The EU is Vietnam’s third-largest goods export market, with trade exceeding USD35 billion. But sales to Vietnam of just USD12 billion make it only the EU’s 31st biggest export destination. However, from August 2020, trade in both directions will benefit from an agreement that gradually eliminates 99 per cent of tariffs.
EVFTA, the EU-Vietnam free-trade agreement, will also streamline customs procedures, facilitate investment, and covers labour rights and climate change.
Vietnam exports mainly labour-intensive goods while the EU sells capital-intensive and high-tech products. The agreement immediately eliminates Vietnamese tariffs on 65 per cent of imports from the EU while the EU removes tariffs on 71 per cent of imports from Vietnam.
EU exporters of machinery, medical equipment, chemicals, plus iron and steel, will immediately have duty-free access into Vietnam. Meanwhile, Vietnam’s tariffs on vehicles, petroleum oils and poultry from the EU will be phased out over 10 to 15 years.
The biggest gains will be for Vietnamese exporters of clothing and footwear, coffee, furniture, fruit and nuts, fish, leather, plastics and electronics. These are the country’s top exports to the EU and tariffs will be liberalised relatively quickly.
Tariffs of up to 78 per cent currently applied to European car imports will be eliminated after 10 years. Vietnam will also align with international motor vehicle standards and recognise EU conformity certificates for cars and parts, reducing the need for additional testing and certification after three to five years.
And while it will be seven years before most EU pharmaceuticals sales to Vietnam are duty-free, exporters can participate in Vietnamese public procurement contracts after two years of the deal taking effect, and bid for up to 50 per cent of contracts after 15 years.
Ratification of EVFTA came as global trade plunged because of the coronavirus outbreak.
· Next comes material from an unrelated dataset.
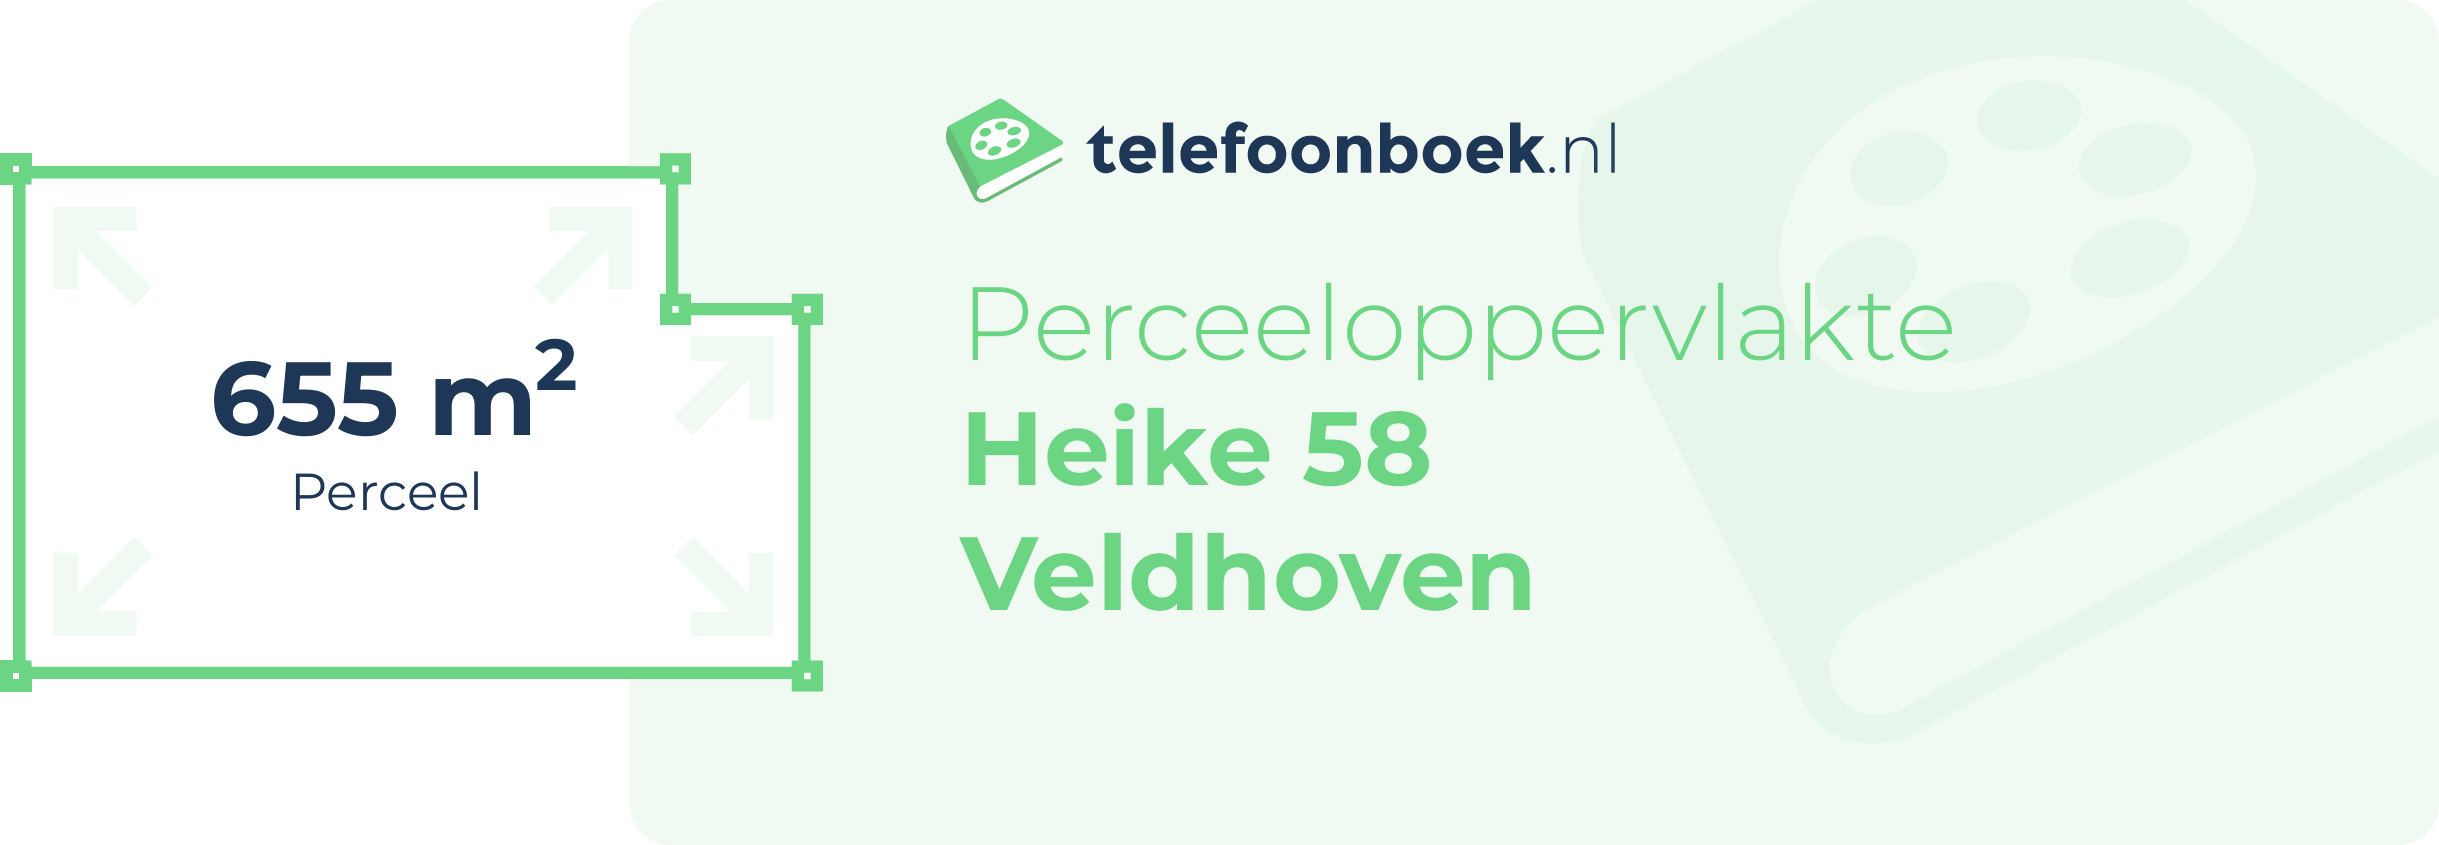 Perceeloppervlakte Heike 58 Veldhoven

Vietnam’s exports shrank nearly 10 per cent in the April-June quarter compared with a year earlier amid declining demand from the West.
As many economies look to reduce trade exposure to China following the pandemic, EVFTA provides a means for EU and Vietnamese businesses to diversify trading partners.
But it may hurt businesses in markets without a trade deal with Vietnam or the EU. Exports of Indian or Cambodian clothing to the EU could become less competitive as tariffs on Vietnamese products are liberalised, for example.
However, Vietnamese garments will be eligible for preferential access to the EU only if they are manufactured using textiles sourced locally or from the EU (or from South Korea, which also has an EU trade deal). Cutting and sewing must also take place in Vietnam or the EU.
And as almost 60 per cent of Vietnam’s fabric imports come from China, to benefit fully from EVFTA, Vietnam needs to develop its domestic textiles industry or rejig supply chains – and that could take years.
The trade agreement presents opportunities for Vietnam and the EU. But although both parties have made some commitments on digital trade – prohibiting customs duties on electronic transmissions and co-operating on issues such as electronic signatures – Vietnam does not yet meet EU requirements for data protection. That prevents data from flowing freely between both economies.